*EXERCISE DIRECTIONS:* Exactly the lines from the one containing "キューン (ビームの発射音)の再生済みの波形" through the one containing "f:id:nikono:20190321214801j:plain" in the listing below are to be copied, with the pictures left out.

*DATA SUPPLIED:*
---

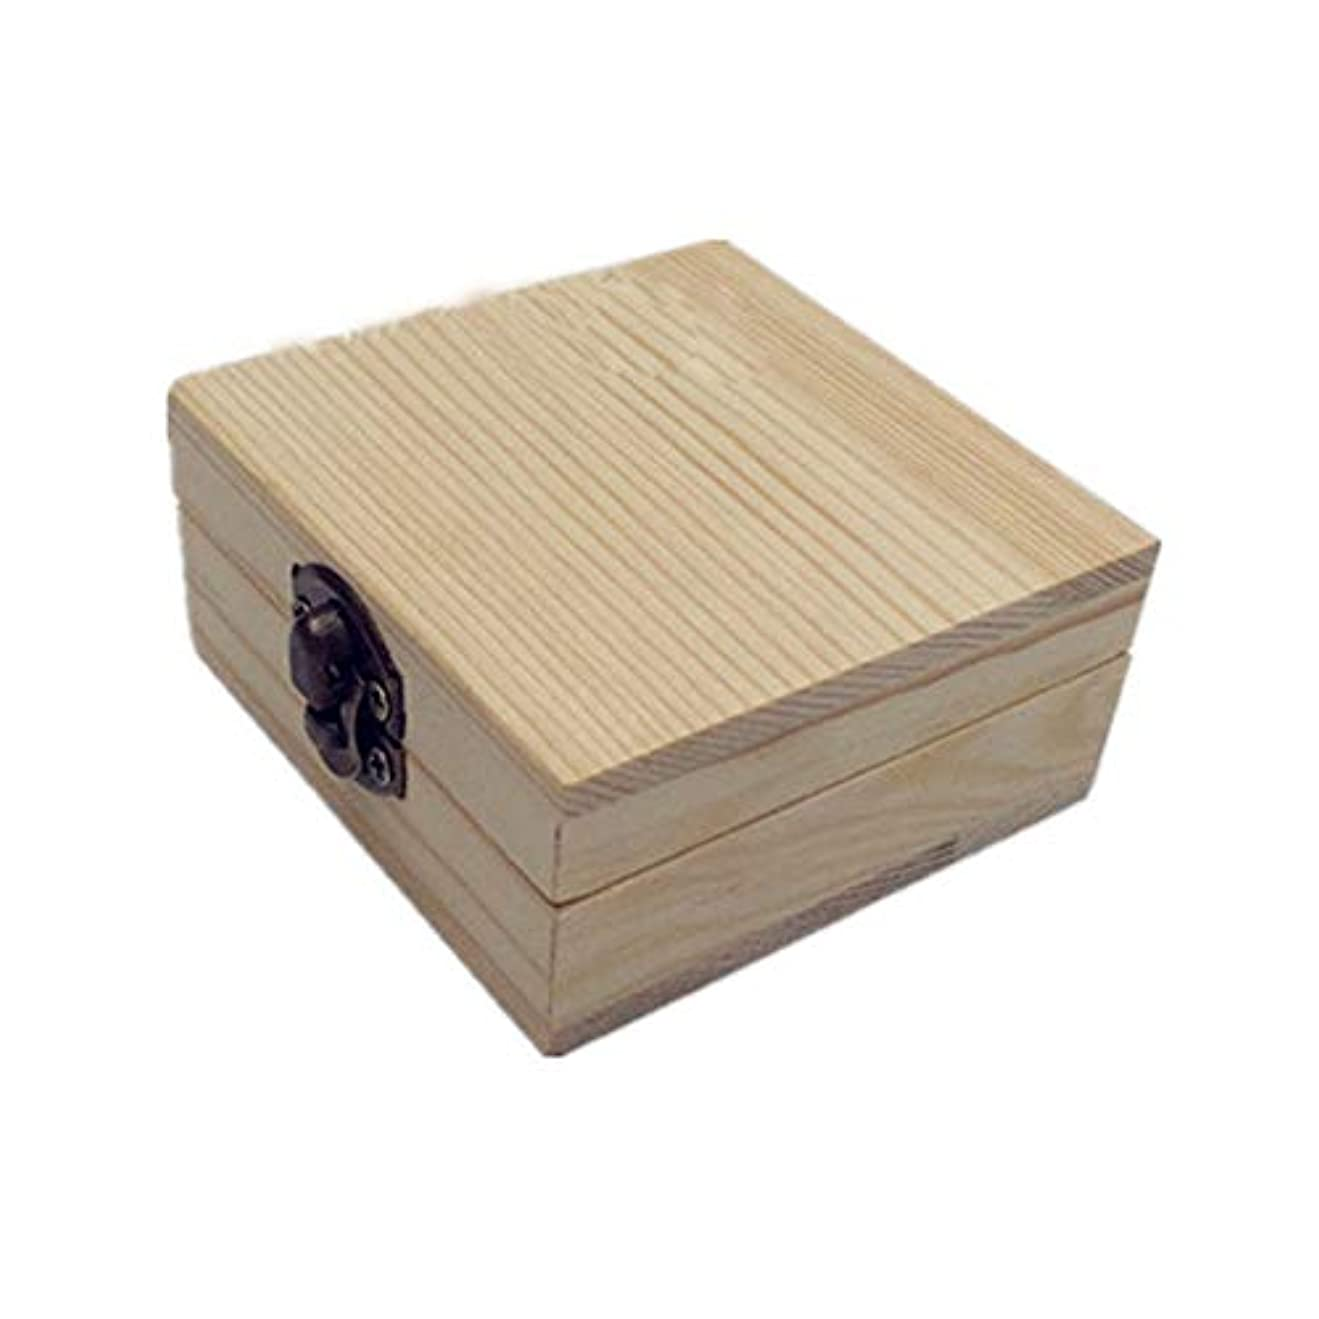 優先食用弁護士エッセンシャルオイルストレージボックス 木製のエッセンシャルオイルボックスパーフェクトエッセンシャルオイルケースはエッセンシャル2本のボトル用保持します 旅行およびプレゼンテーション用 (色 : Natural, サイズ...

---

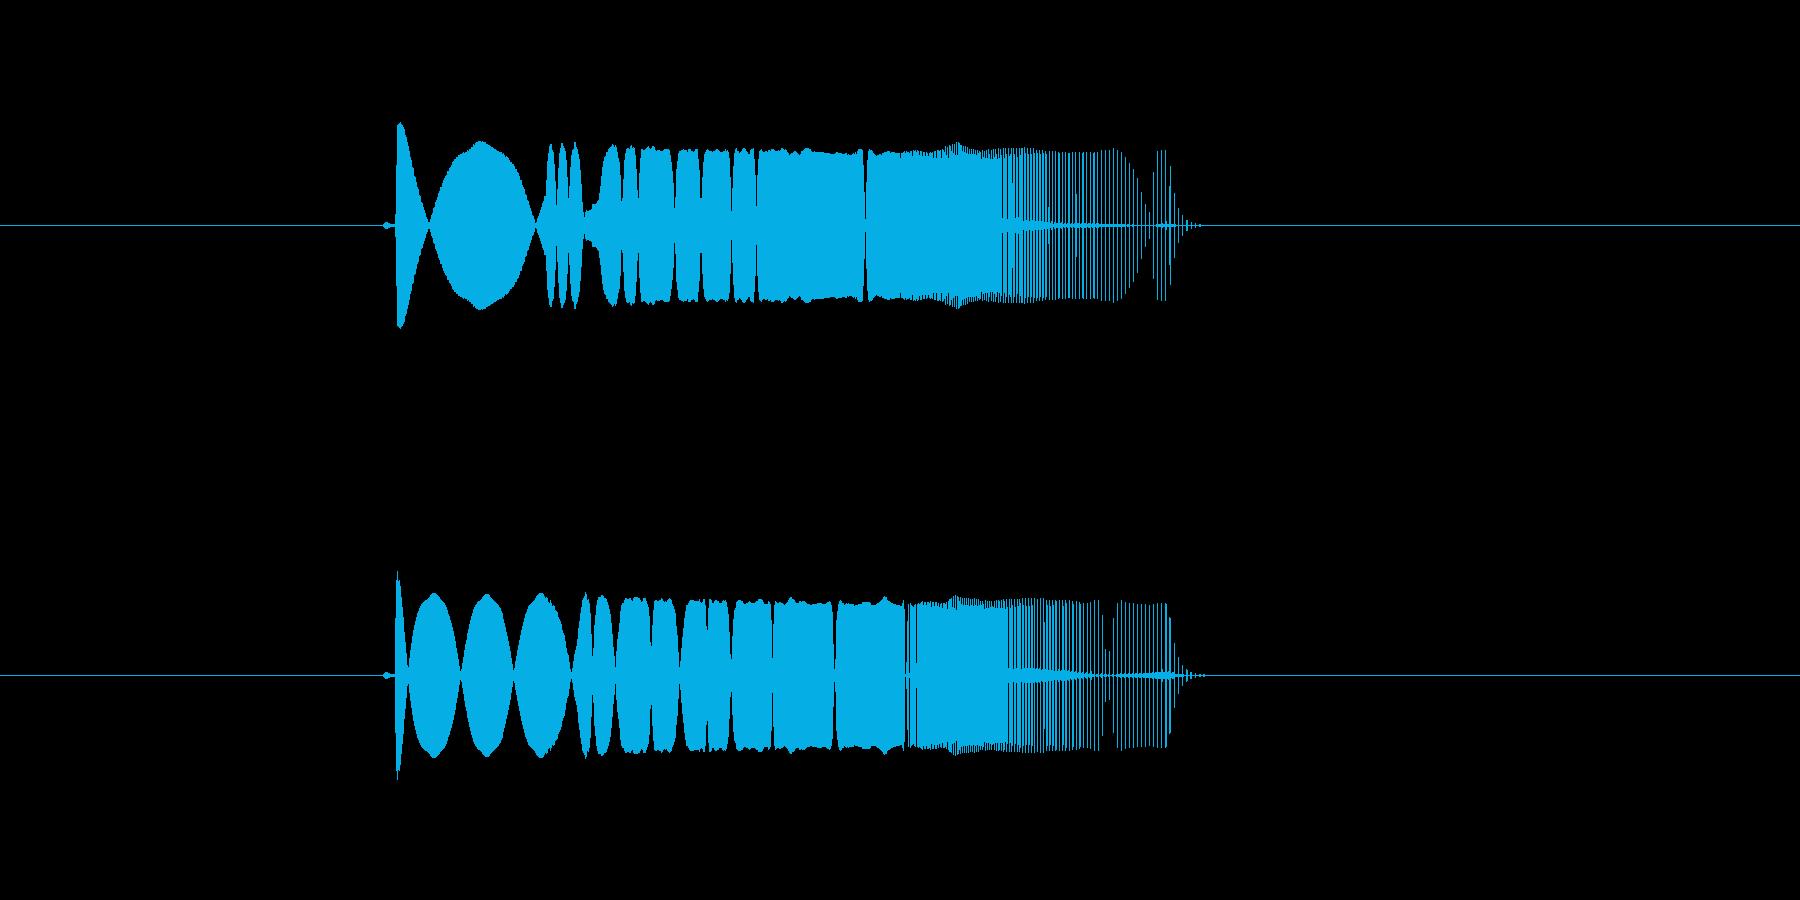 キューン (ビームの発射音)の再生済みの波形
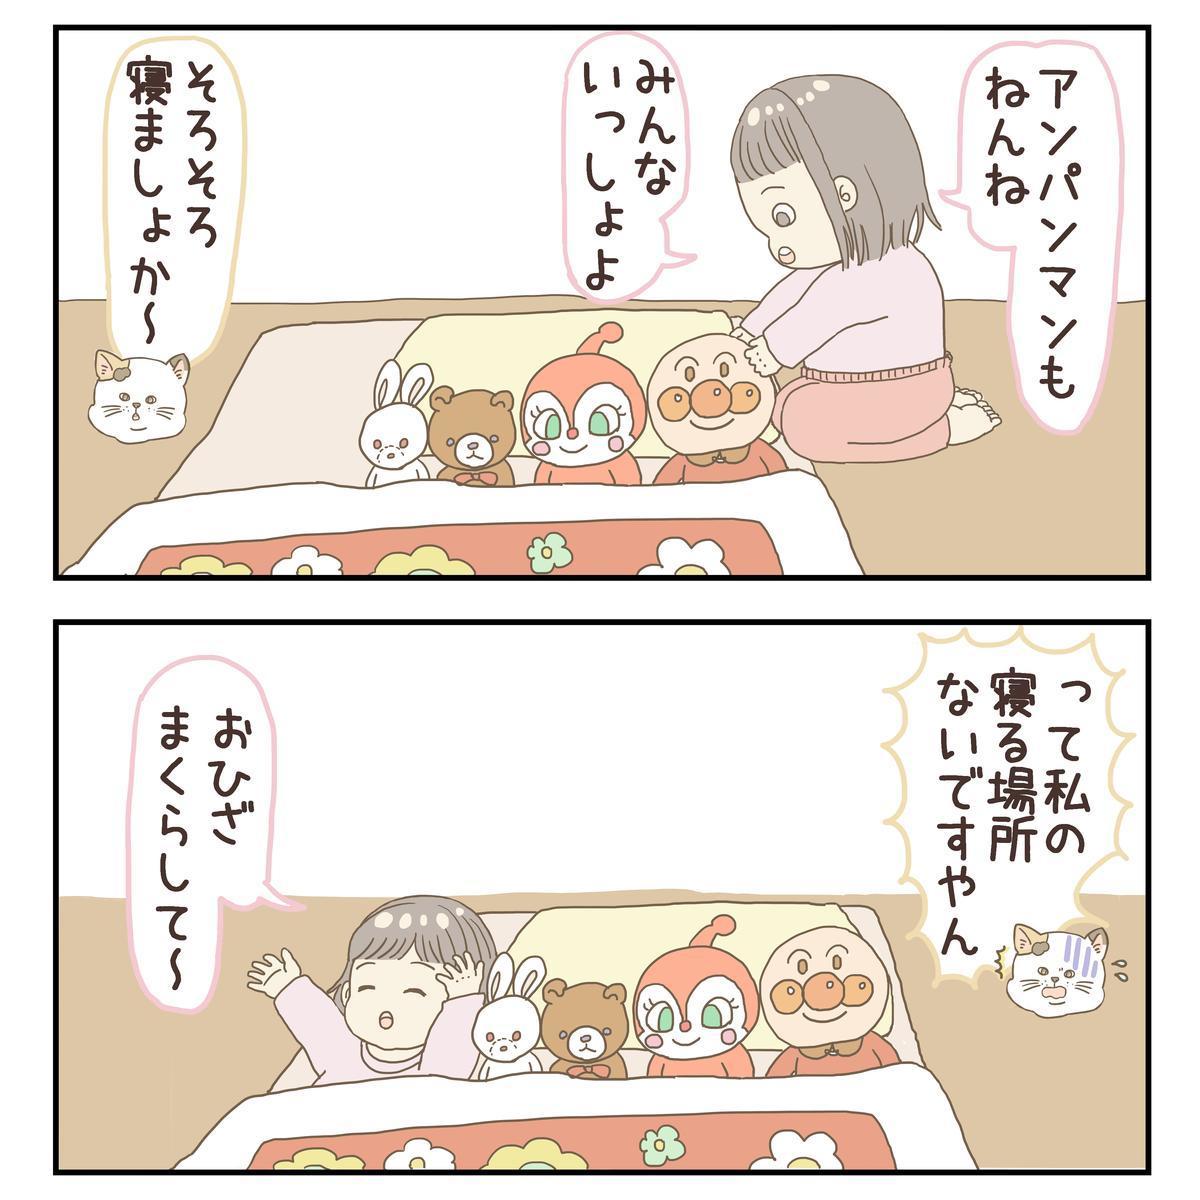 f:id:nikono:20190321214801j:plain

---

*YOUR RESPONSE:*
 キューン (ビームの発射音)の再生済みの波形
 f:id:nikono:20190321214801j:plain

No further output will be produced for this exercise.